[Task description]:
When you reach a picture, skip it, and retype every line below exactly.
[Opening Information shown section]
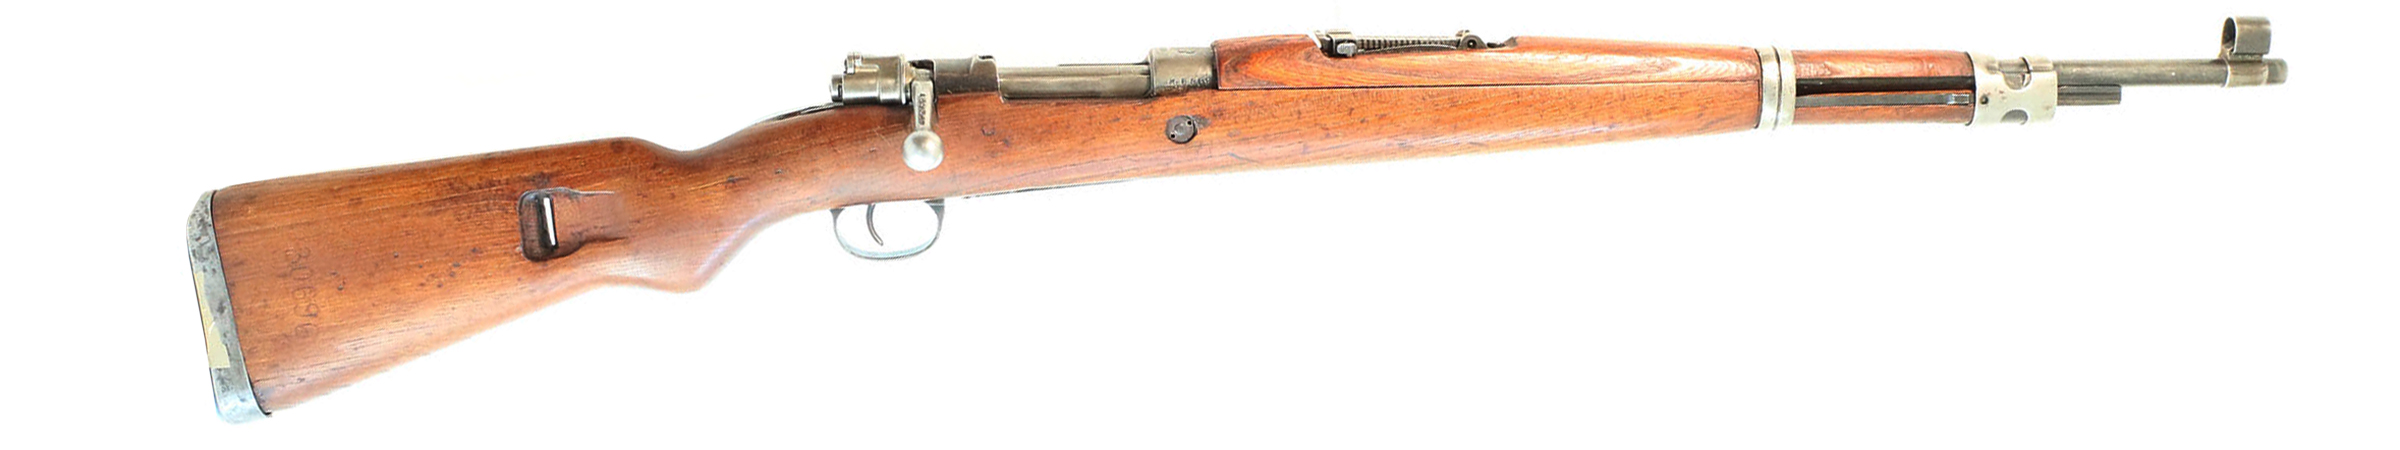 Yugoslavian Mauser M48
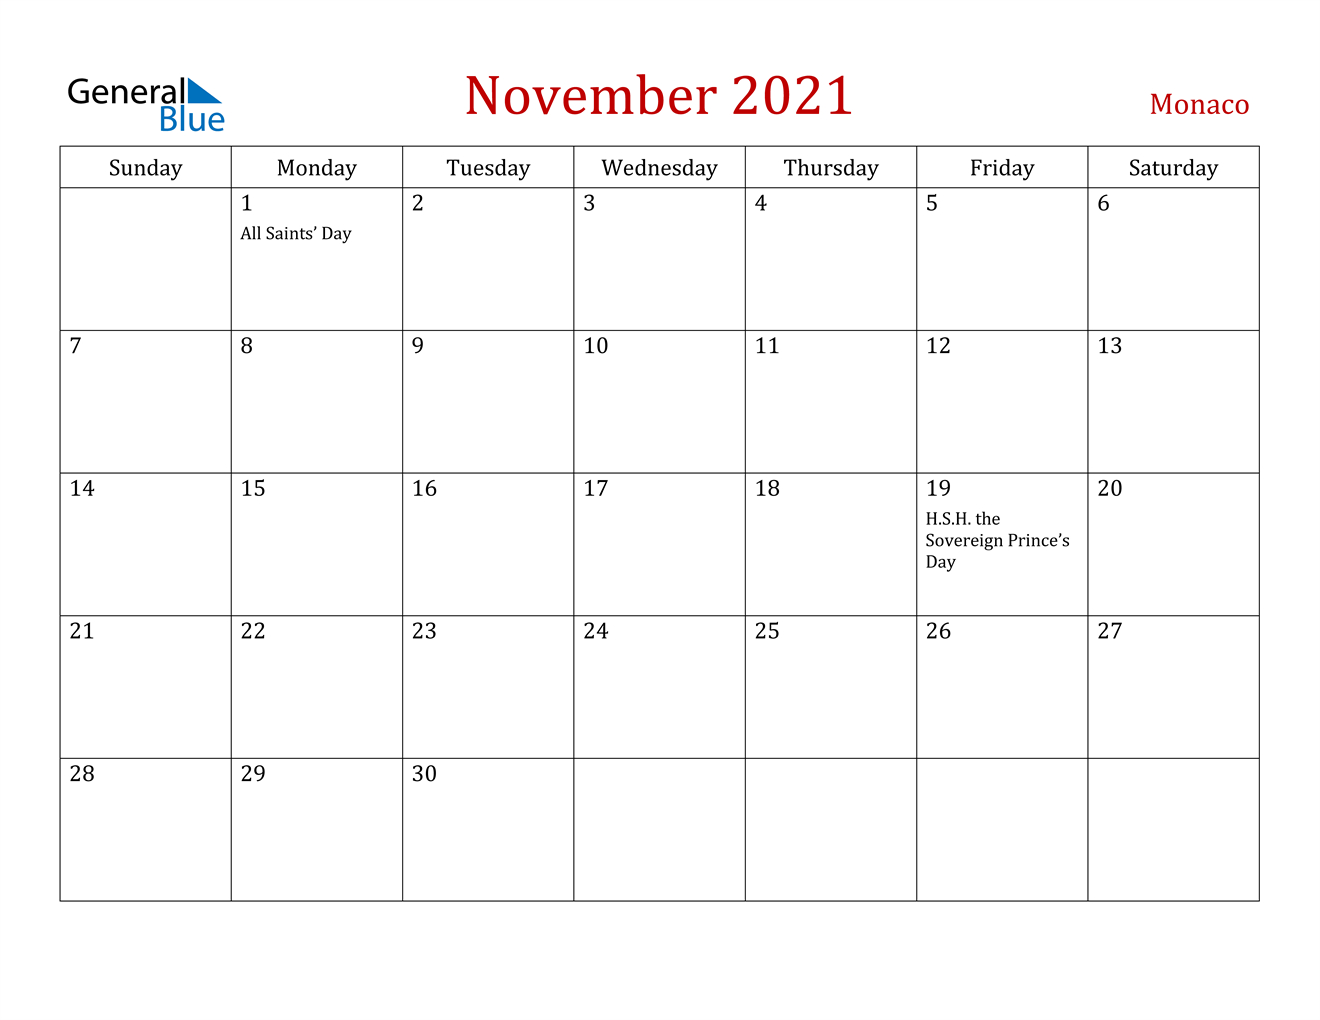 November 2021 Calendar - Monaco
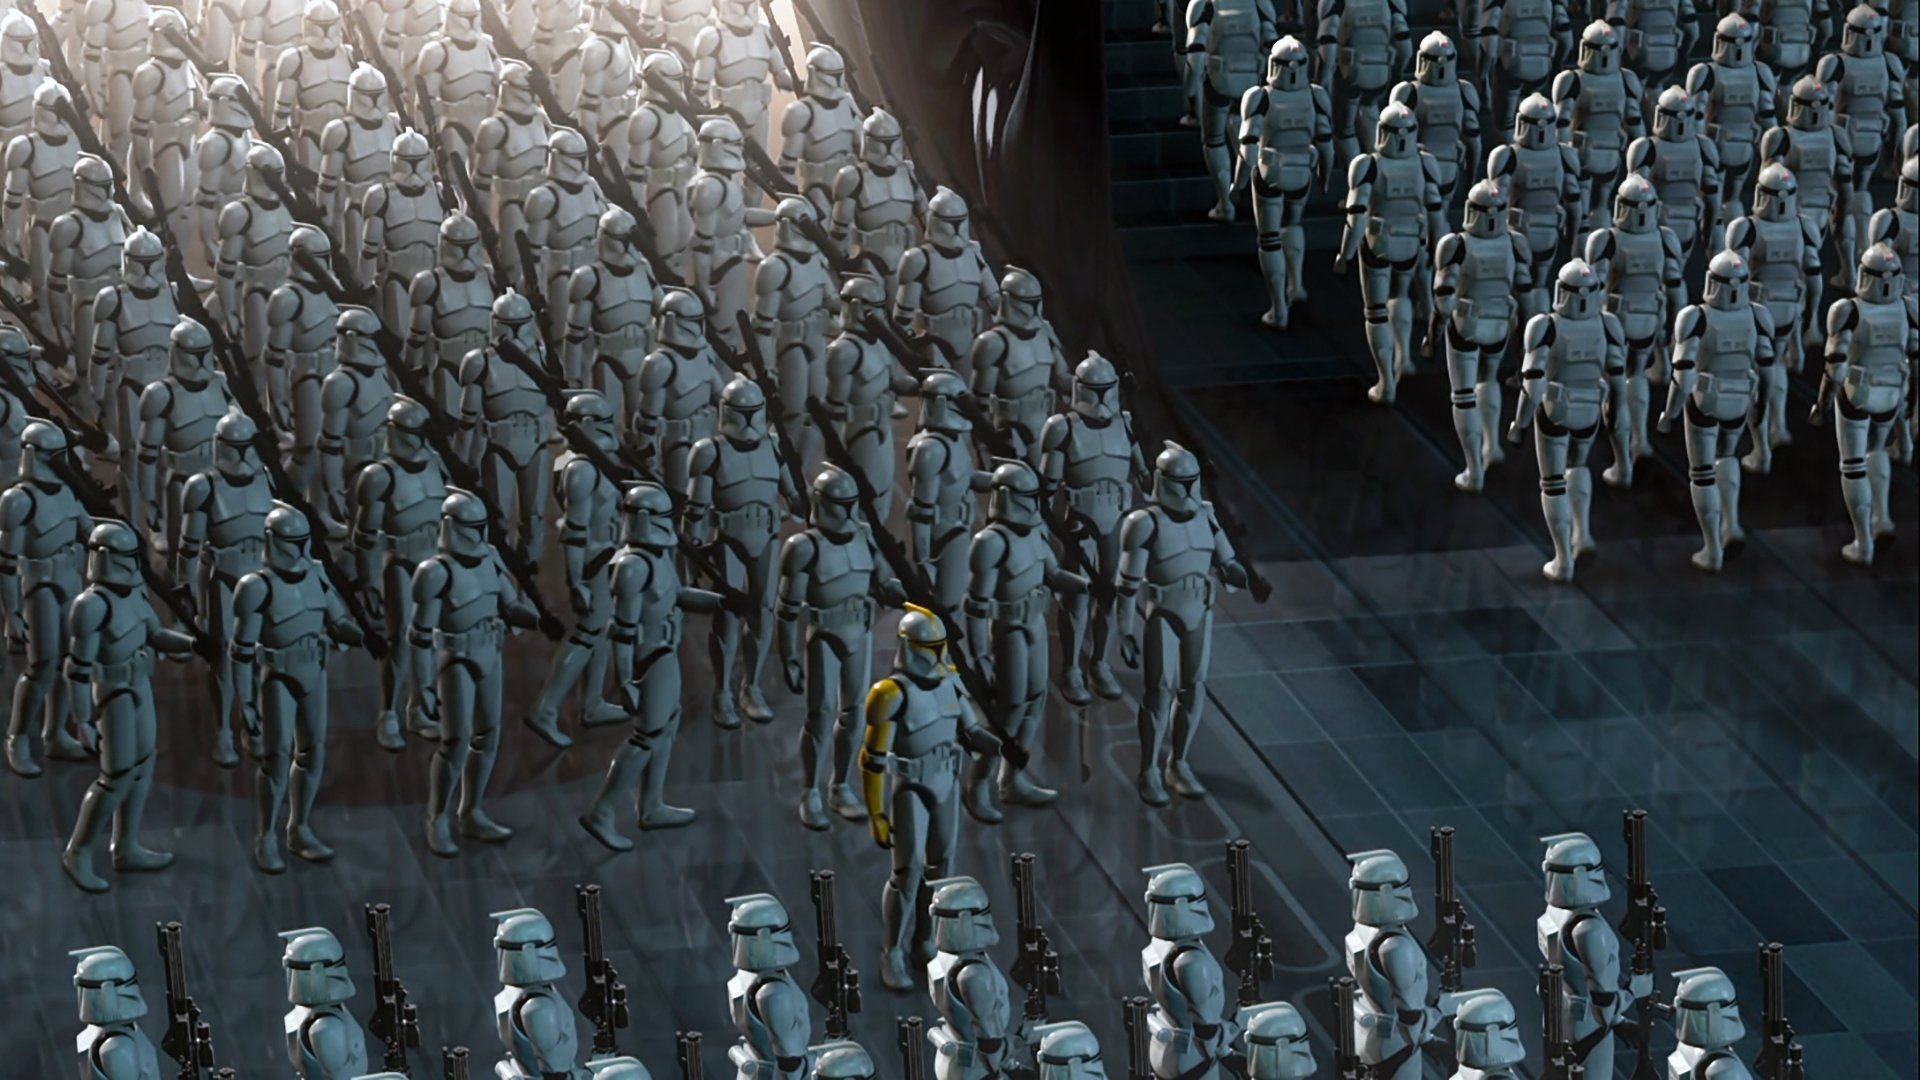 Star Wars Episode Ii: Attack Of The Clones Wallpapers
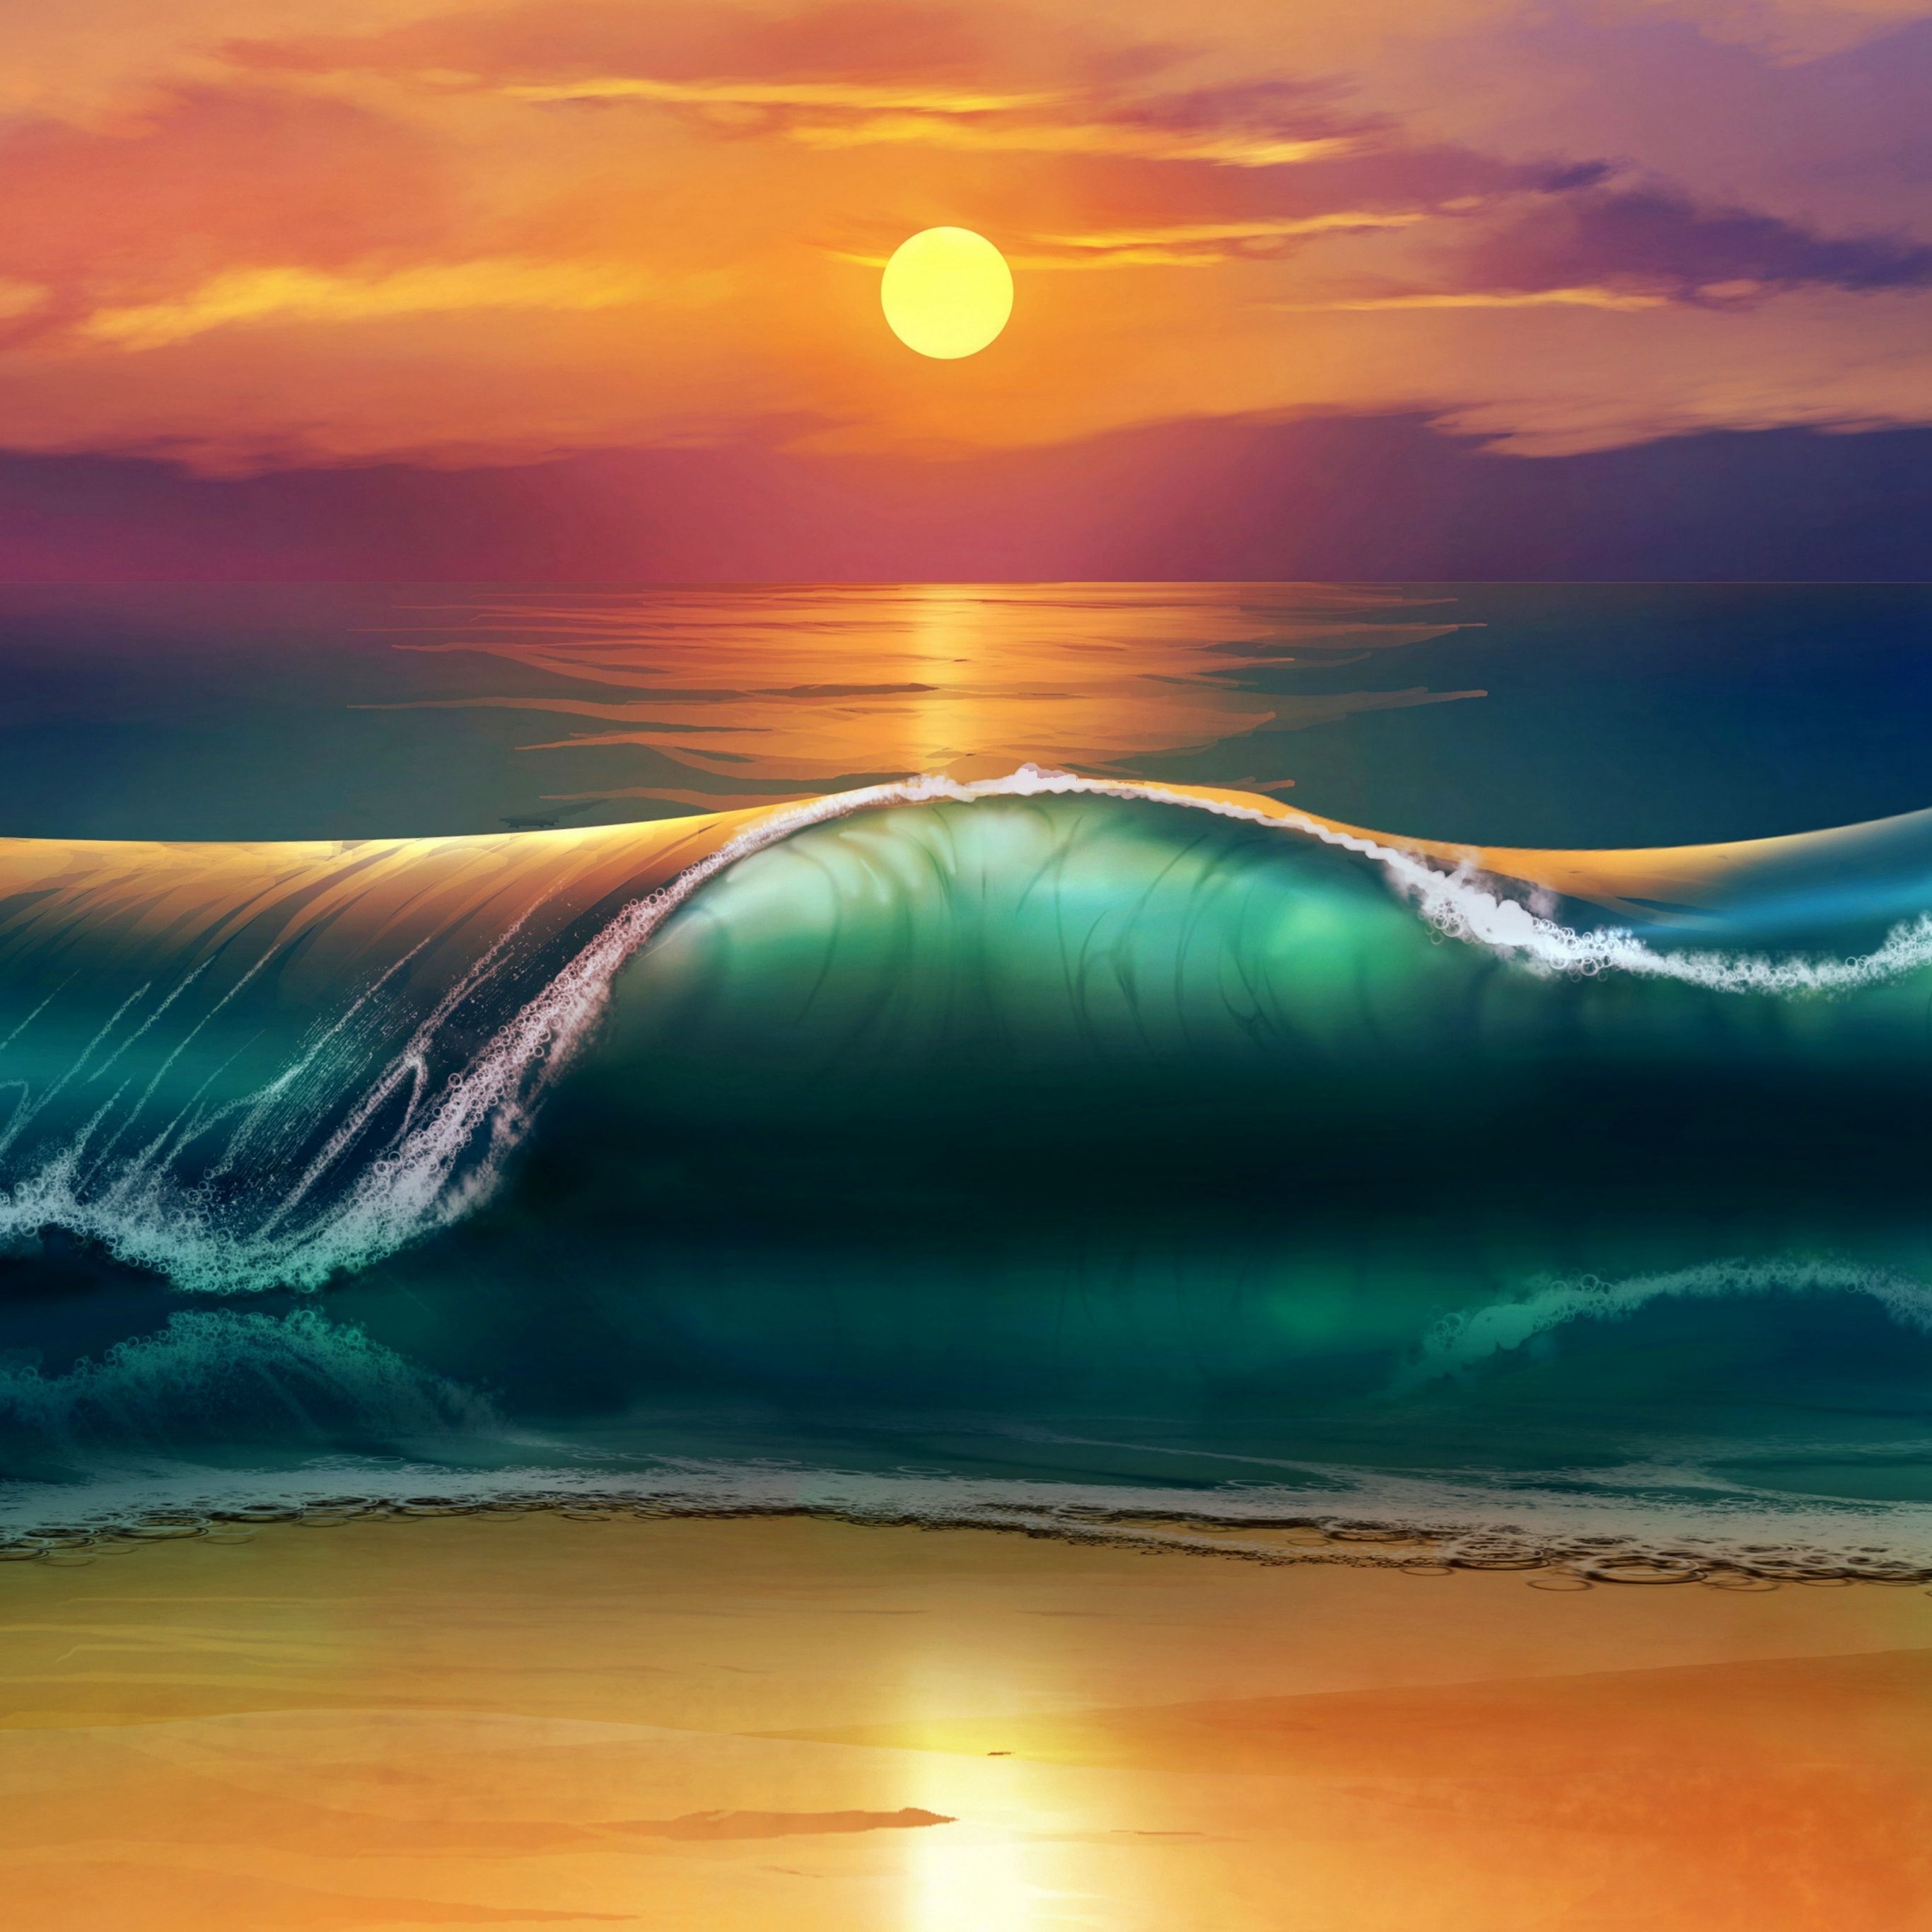 Art sunset beach sea waves iPad Pro Wallpaper Free Download
[Closing Information shown section]
[Solution for this task]:
 Yugoslavian Mauser M48
 November 2021 Calendar - Monaco
 Star Wars Episode Ii: Attack Of The Clones Wallpapers
 Art sunset beach sea waves iPad Pro Wallpaper Free Download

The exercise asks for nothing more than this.